▶ _About this task_: Each line below must be transcribed exactly, and no picture may appear in the transcription.

▶ _Data_:
== Segment start ==
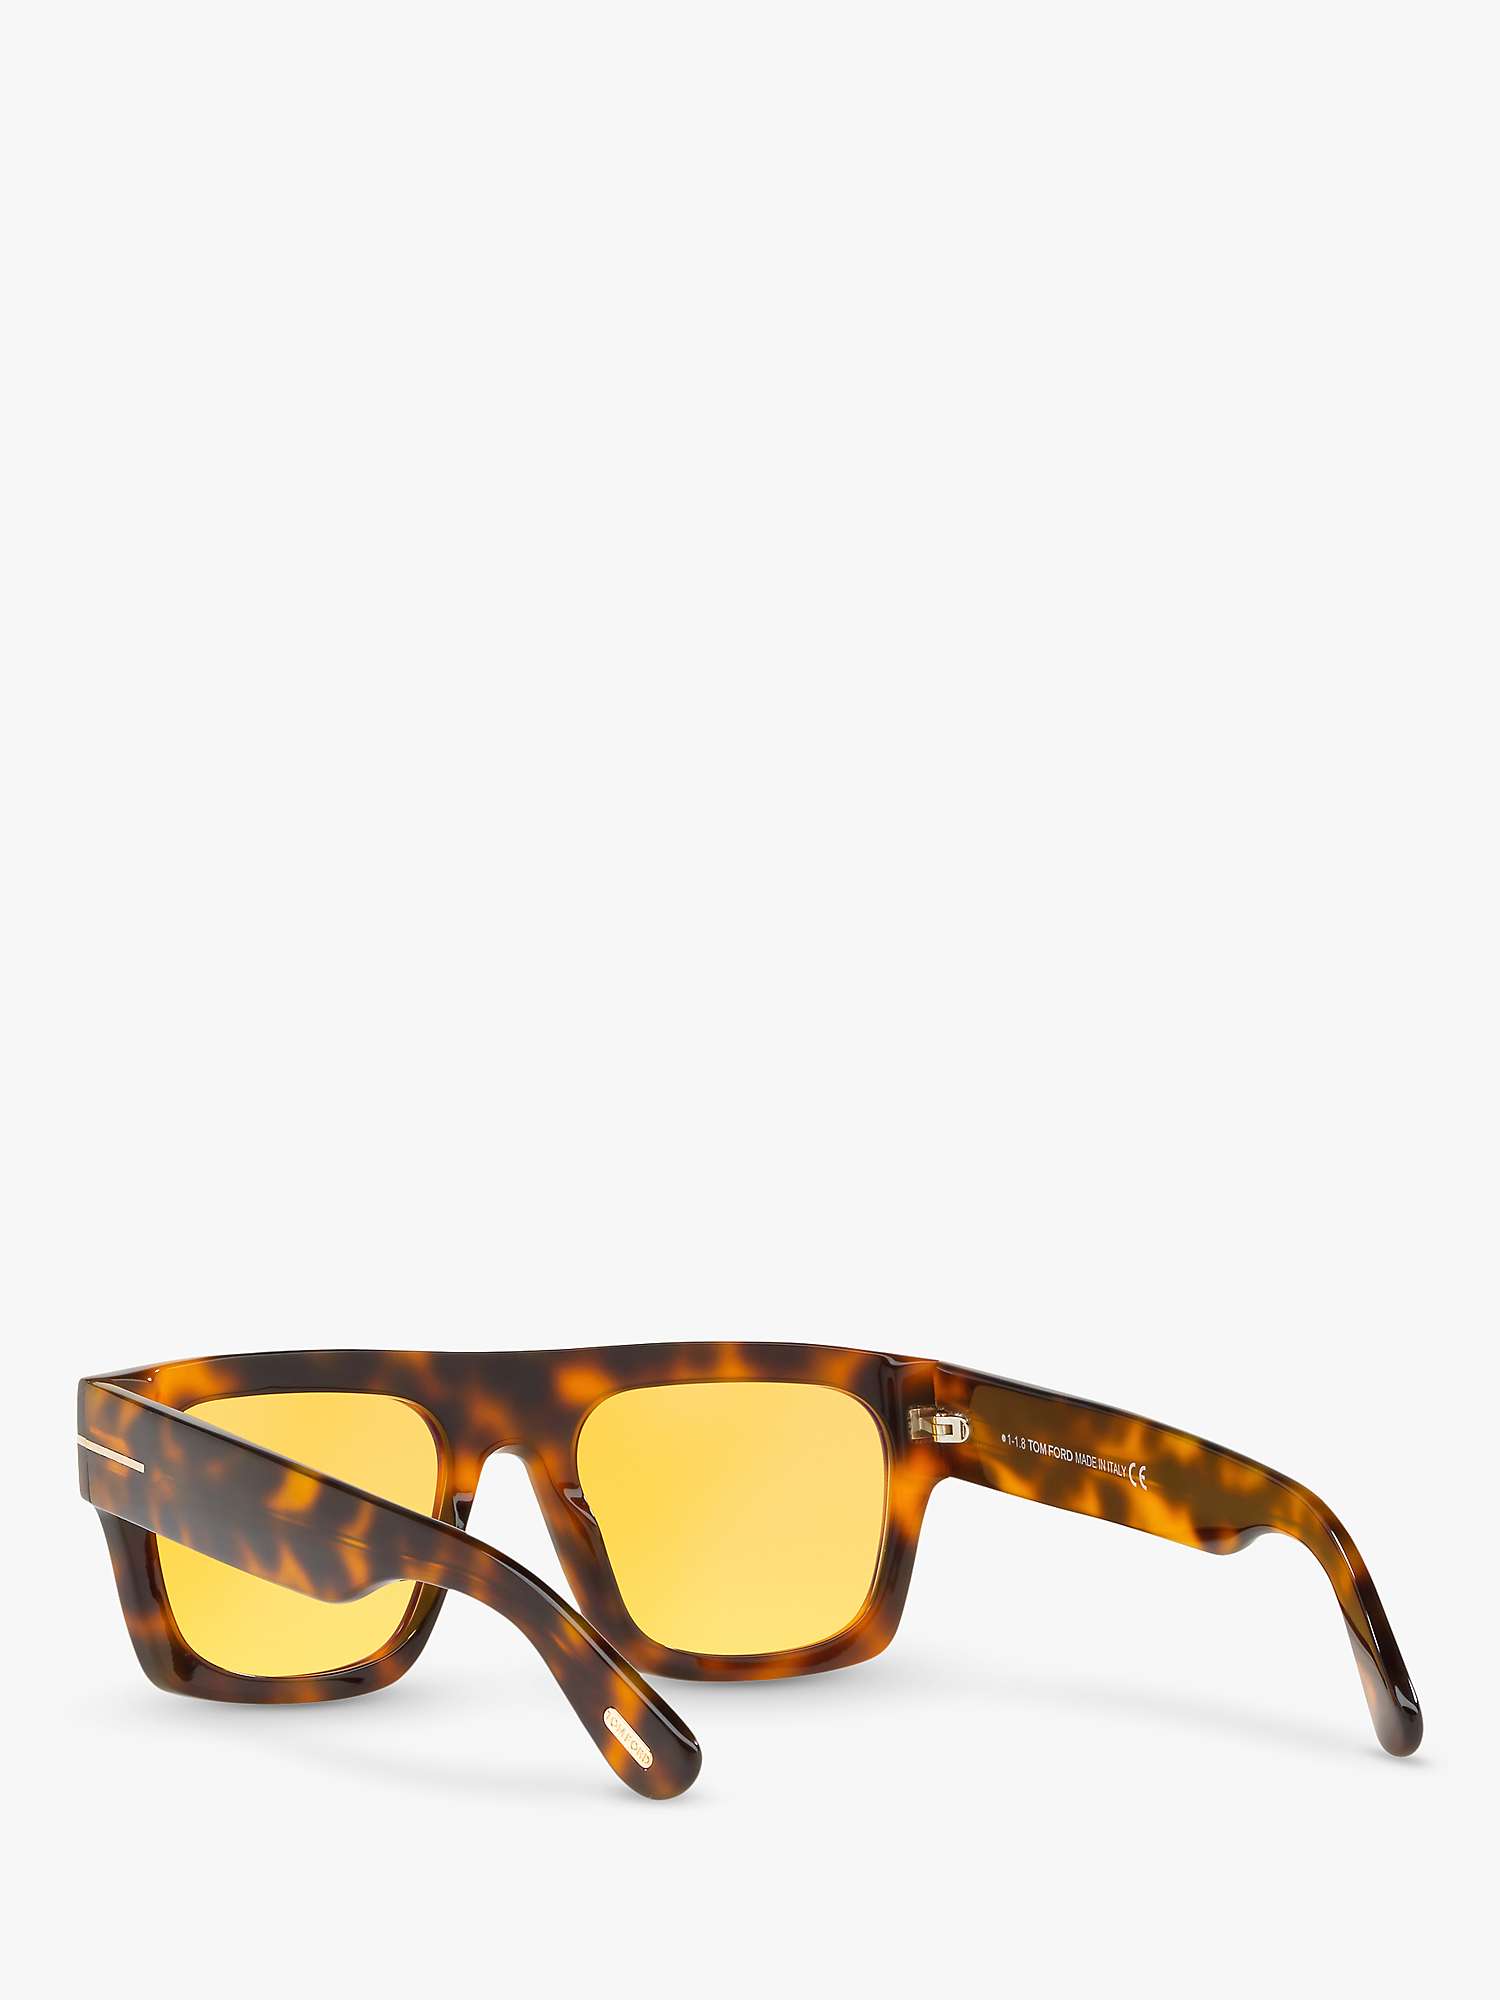 Buy TOM FORD FT0711 Men's Fausto Square Sunglasses Online at johnlewis.com
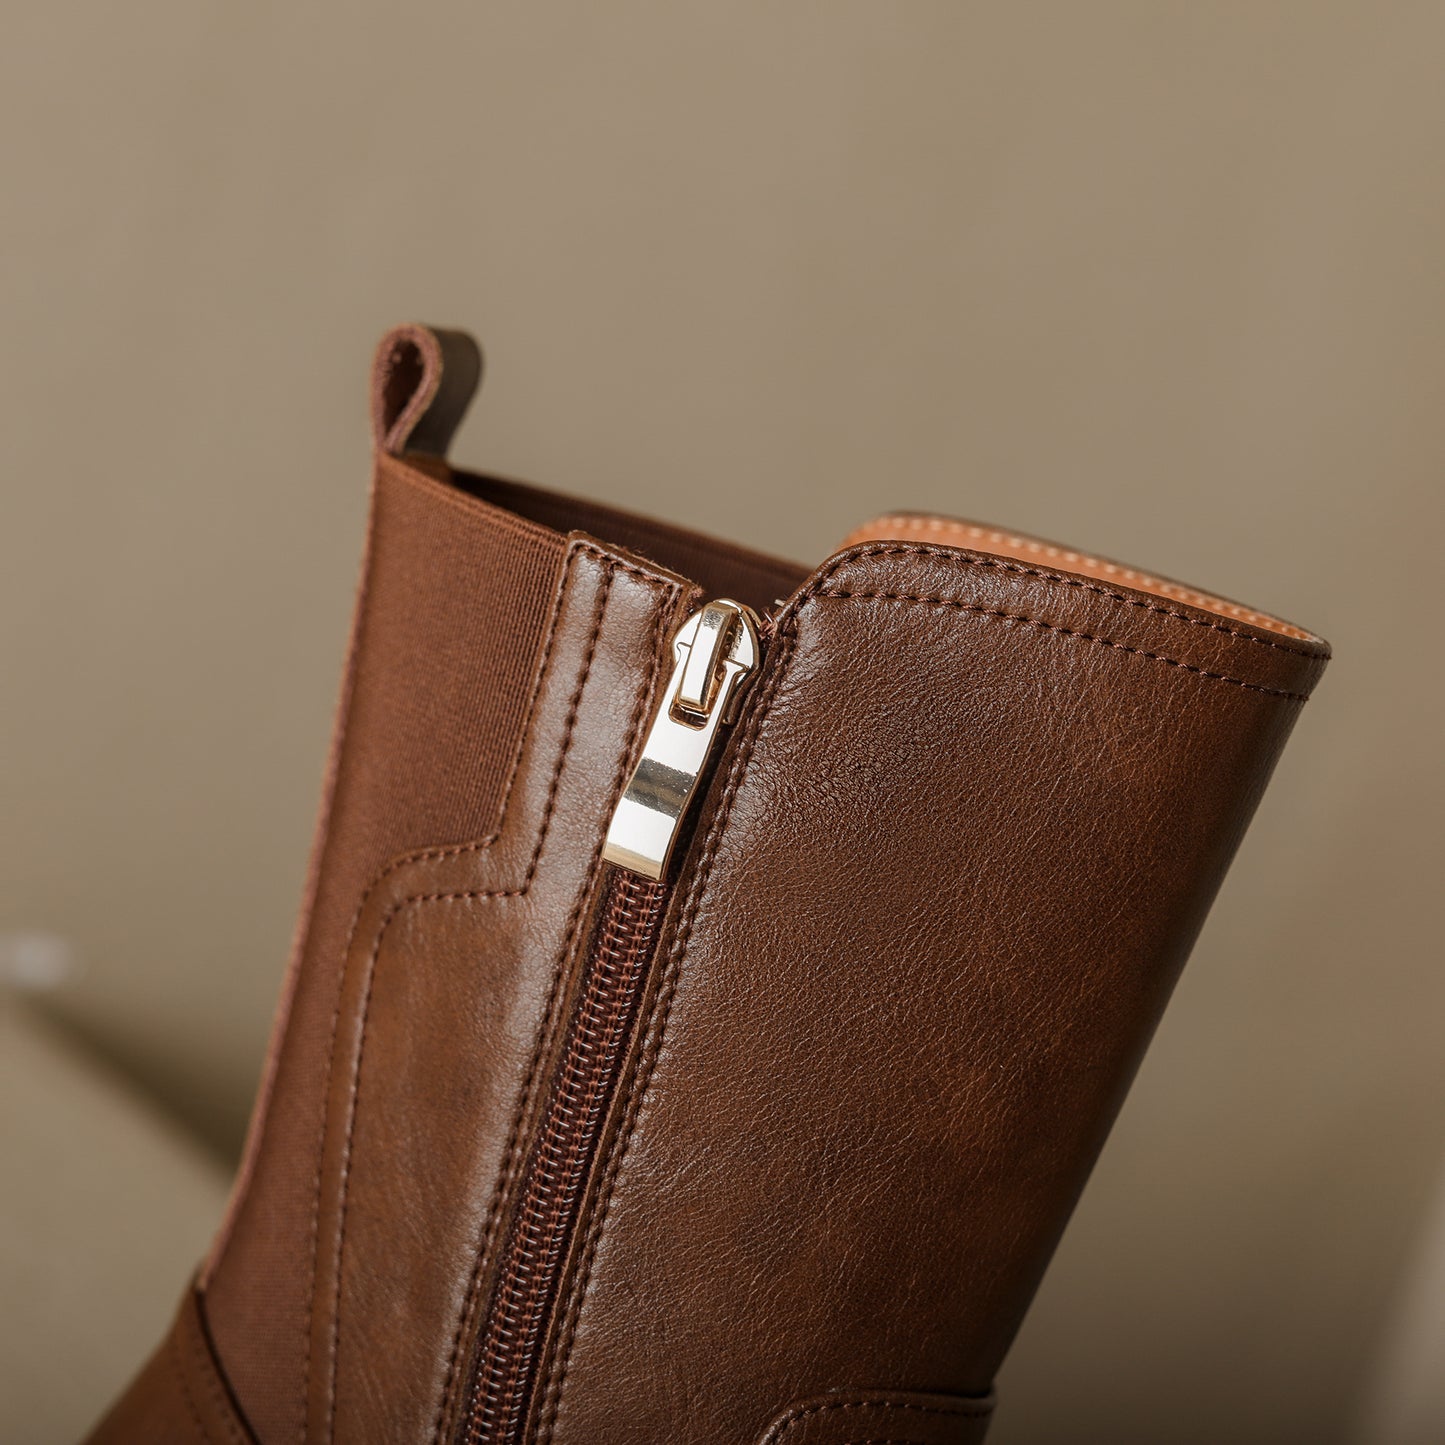 TinaCus Women's Genuine Leather Handmade Round Toe Side Zip Up Mid Block Heel Mid Calf Boots
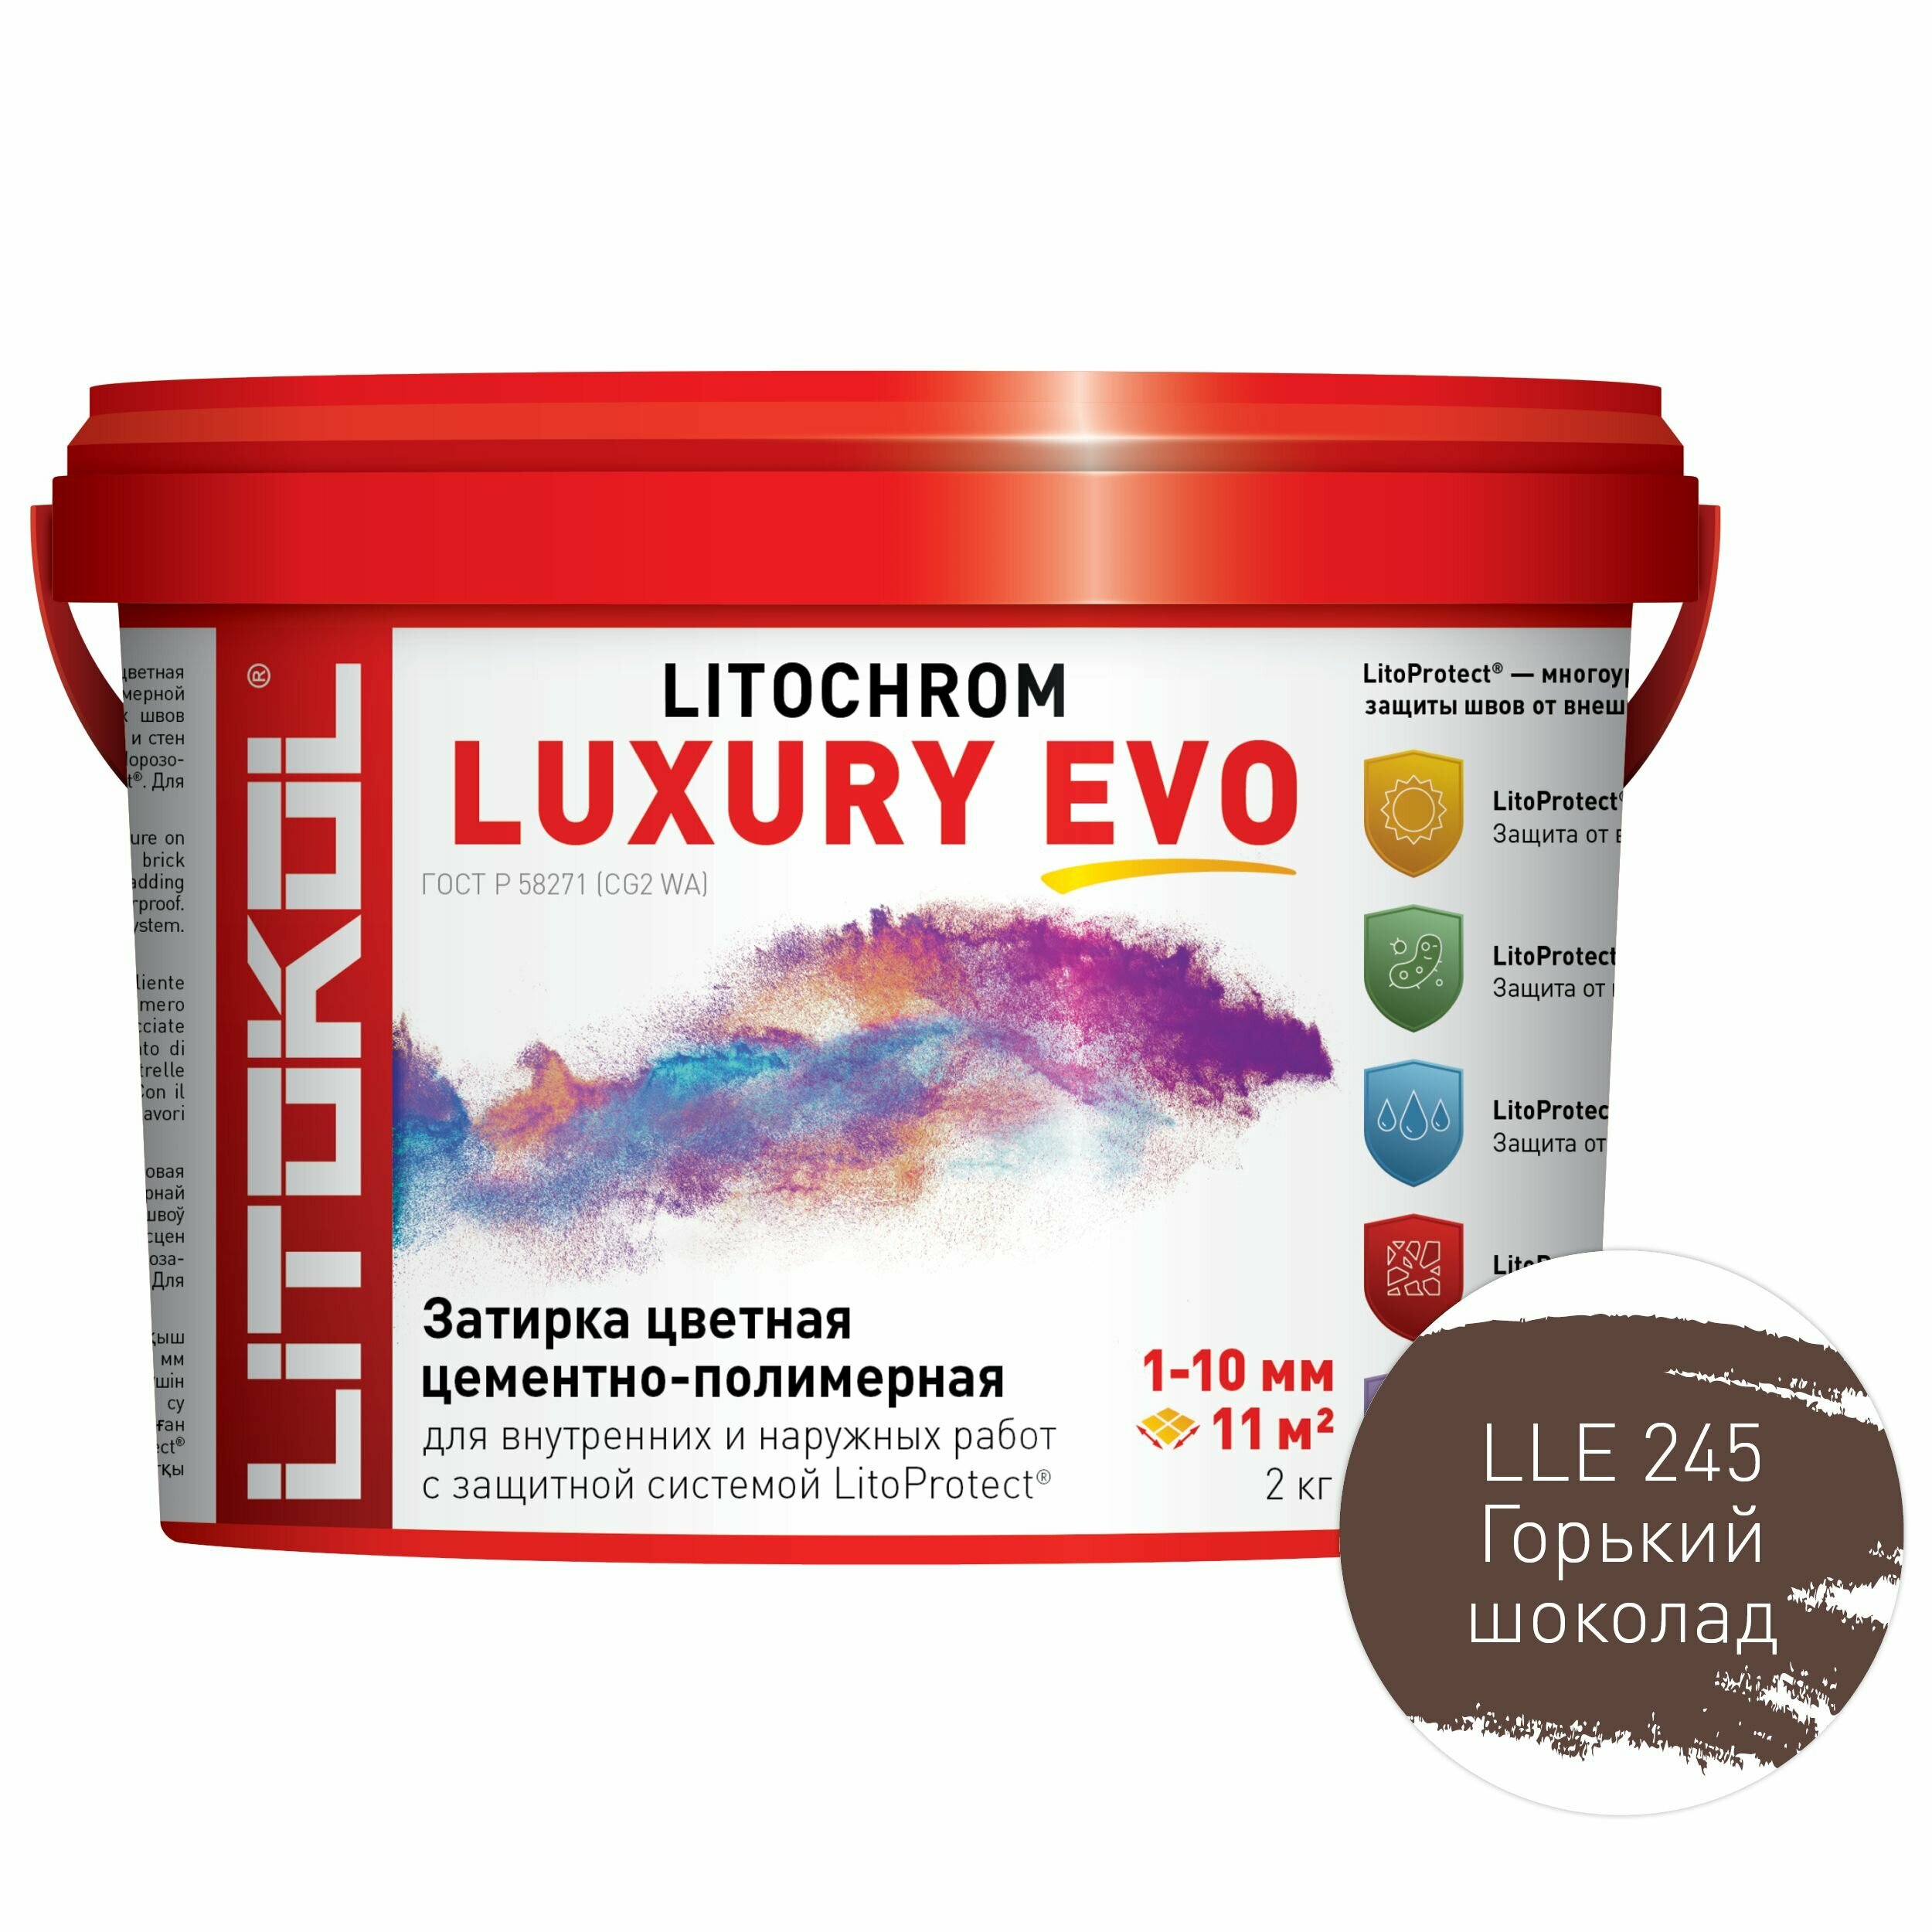 Затирка LITOKOL Litochrom Luxury EVO 245 Горький шоколад 2 кг
== Segment end ==
▶ _Response for this exercise_:
 Buy TOM FORD FT0711 Men's Fausto Square Sunglasses Online at johnlewis.com
 TinaCus Women's Genuine Leather Handmade Round Toe Side Zip Up Mid Block Heel Mid Calf Boots
 Затирка LITOKOL Litochrom Luxury EVO 245 Горький шоколад 2 кг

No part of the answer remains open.